Habits 32 to 38: Empowering Guidelines to Avoid Unfulfilling Relationships
32. Do not live with a man until he has proposed
Moving in with a man is not advisable as it tends to amplify relationship difficulties. Unlike marriage, this arrangement lacks the external pressures that often serve as catalysts for resolving such problems. It may sound conservative, but it's better to wait until he has proposed before considering moving in together.
33. Married men are off limits
Avoid dating married men. It's morally wrong and fraught with complications that often lead to heartbreak. He might claim to love you more but will always have excuses for staying with his family—legal issues, children, and shared responsibilities. He'll keep you on the side until you realize that you have been taken advantage of. It's a dead-end situation to be in love with a man who already has built a life with another woman.
34. Be a man’s ‘mountain’ not his ‘steppingstone’
If you have been in a relationship for a long time and it seems like it's going nowhere, you might be what is known as a "stepping stone" woman. This is a woman that many men use to help them progress in life and achieve their goals. She blindly supports her partner until he reaches a certain level of success, at which point he will leave her for his "mountain" woman - the woman he believes he truly deserves. The "mountain" woman represents the ideal woman that a man wants to be with once he has achieved success.
The best way to avoid being a man's stepping stone is to steer clear of "fixer uppers". These are men who don't have jobs, have poor grooming habits, or have addictions. They may also be overly reliant on their mothers or just generally lazy.
35. Approach dating with a clear vision of what you want
When going on a date, have a clear purpose in mind. It's important to know what you want and not settle for less. Make a list of qualities you're looking for in a partner and refer to it often. By staying focused on what you want, you can avoid getting distracted by attractive or charming people who might not be right for you. Love and hormones can be powerful, but it's important to have substance in a relationship. If marriage is your goal, dating with that intention will help you set boundaries and find a partner with long-term potential. Instead of just wanting a boyfriend for companionship, focus on personal growth and self-love first. When you're ready to share your love with someone special, prioritize men who have marriage potential. It's easier to say no to someone who isn't right for you when you have a clear purpose in mind.
36. Men who break up with you should cease to exist
If a guy breaks up with you, act like he no longer exists. Regardless of the reasons, respect his decision and move on. Don't contact him. Reaching out to him won't change his mind; it will only confirm that breaking up was the right choice. Holding onto someone who doesn't want to stay only prolongs your pain and blocks new happiness. Accept the breakup, heal, and move on. Keep your dignity, focus on yourself, and embrace new possibilities.

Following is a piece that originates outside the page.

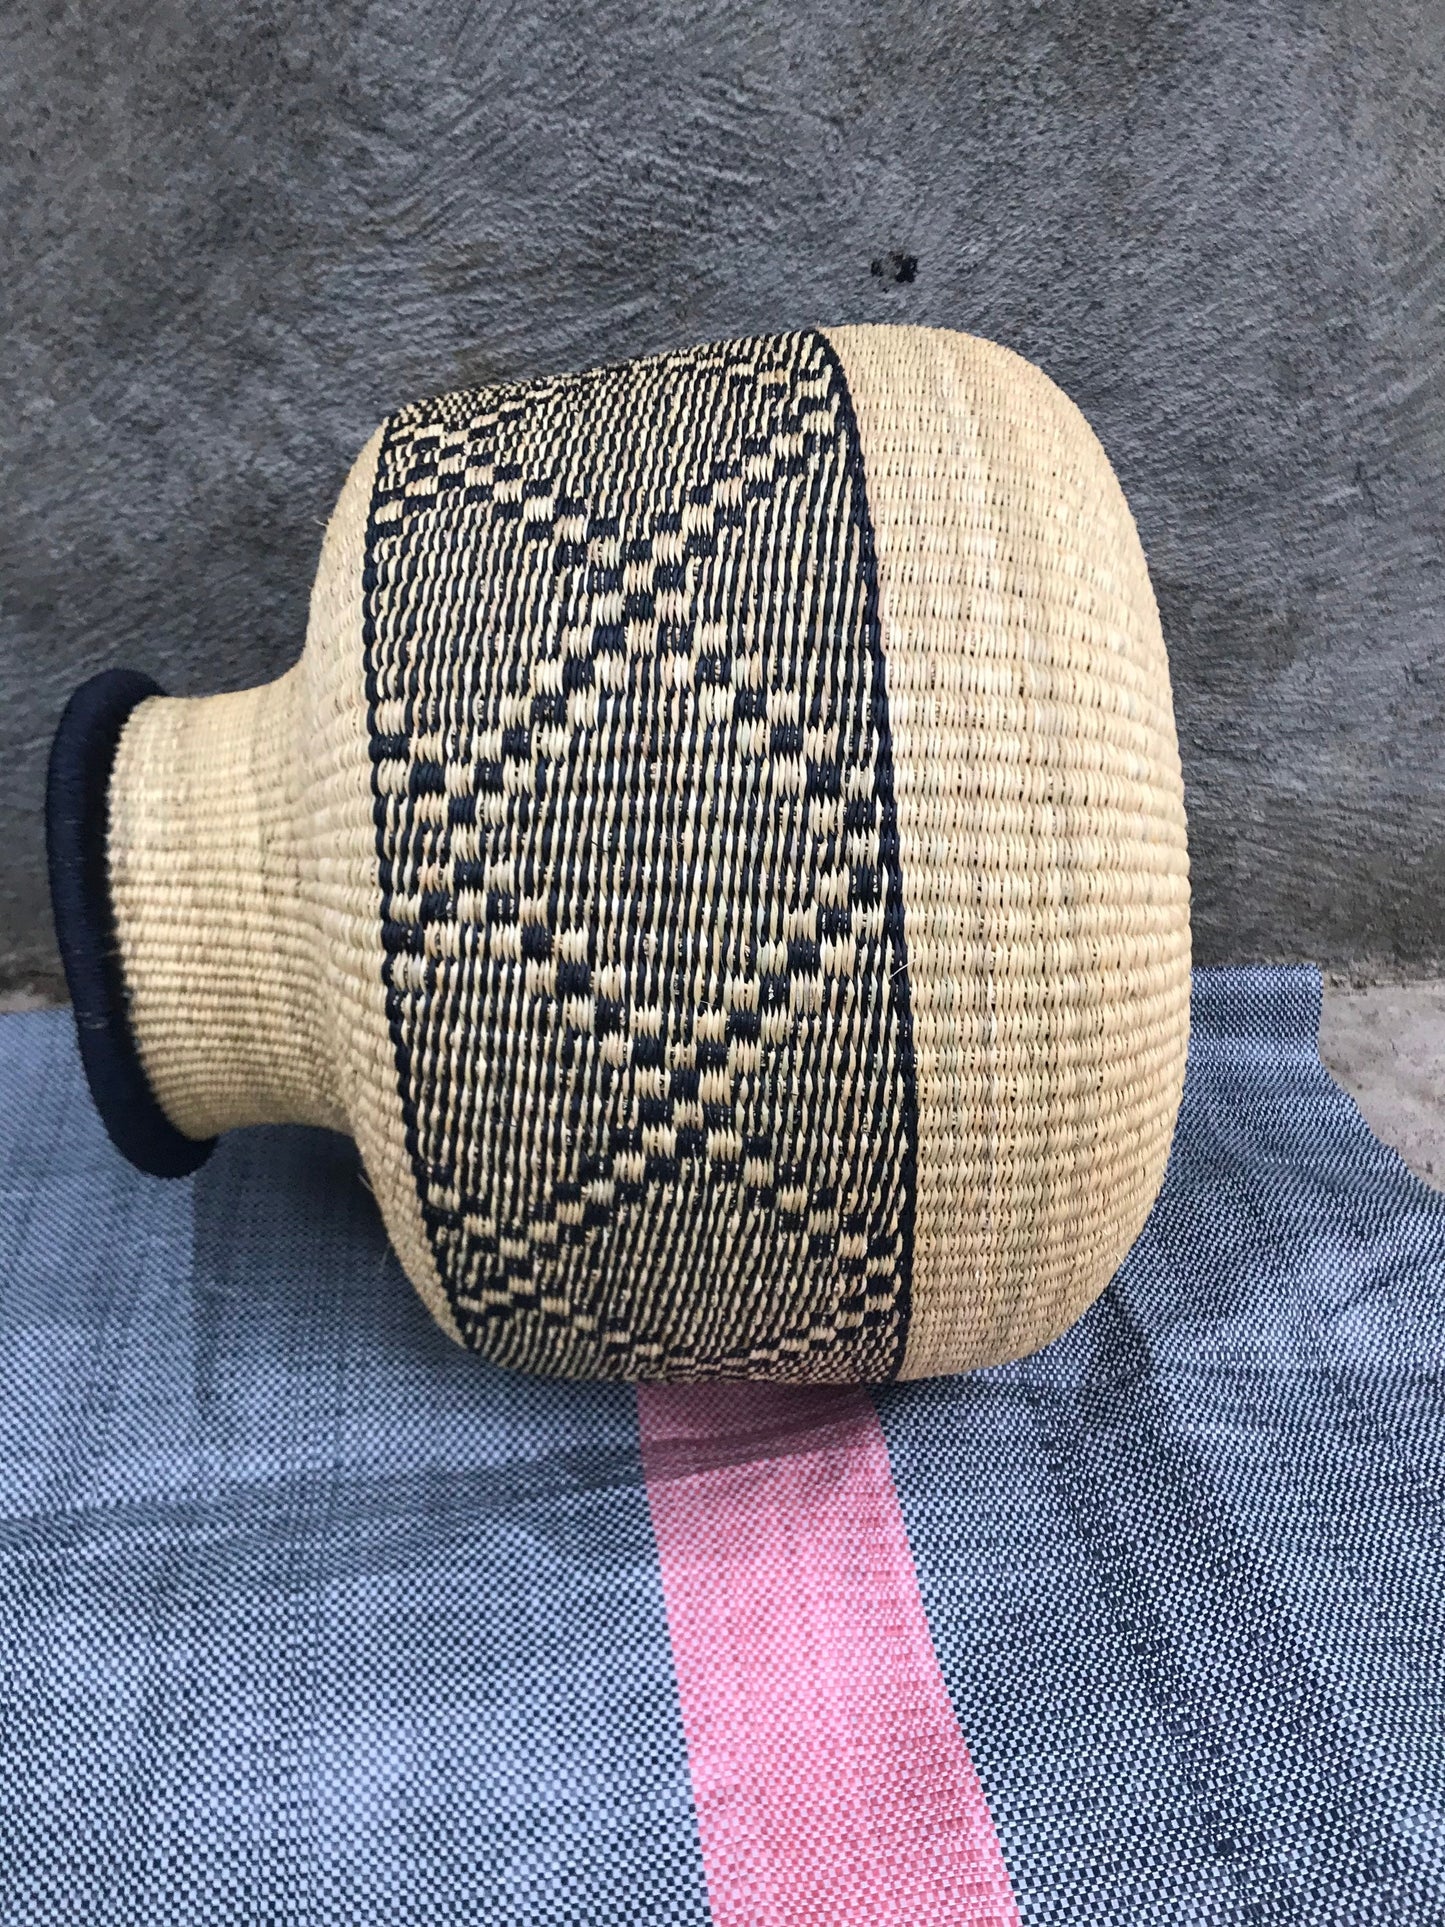 Bolga Basket, African Basket, Handmade Basket, Ghana Basket, Gift for her, Personalized gift, Pot Basket 002

37. Don’t try to be “one of the guys” and give off an asexual vibe
The idea that men want a woman who's "one of the guys" is not true. Being one of the guys means adopting masculine attitudes and behaviors, which might not work in building romantic chemistry. The attention and interest a woman gets from a man depends on how attracted he is to her and the emotional connection he feels. Women who are seen as one of the guys often find themselves in the friend zone. Being a bro may cause guys to treat you only as a friend, and it may limit their attraction towards you. Identifying with men can also give off a platonic vibe, leading to short-lived relationships or being seen as just a friend. If you want a deep romantic connection with a man, focus on being a feminine woman he feels attracted to.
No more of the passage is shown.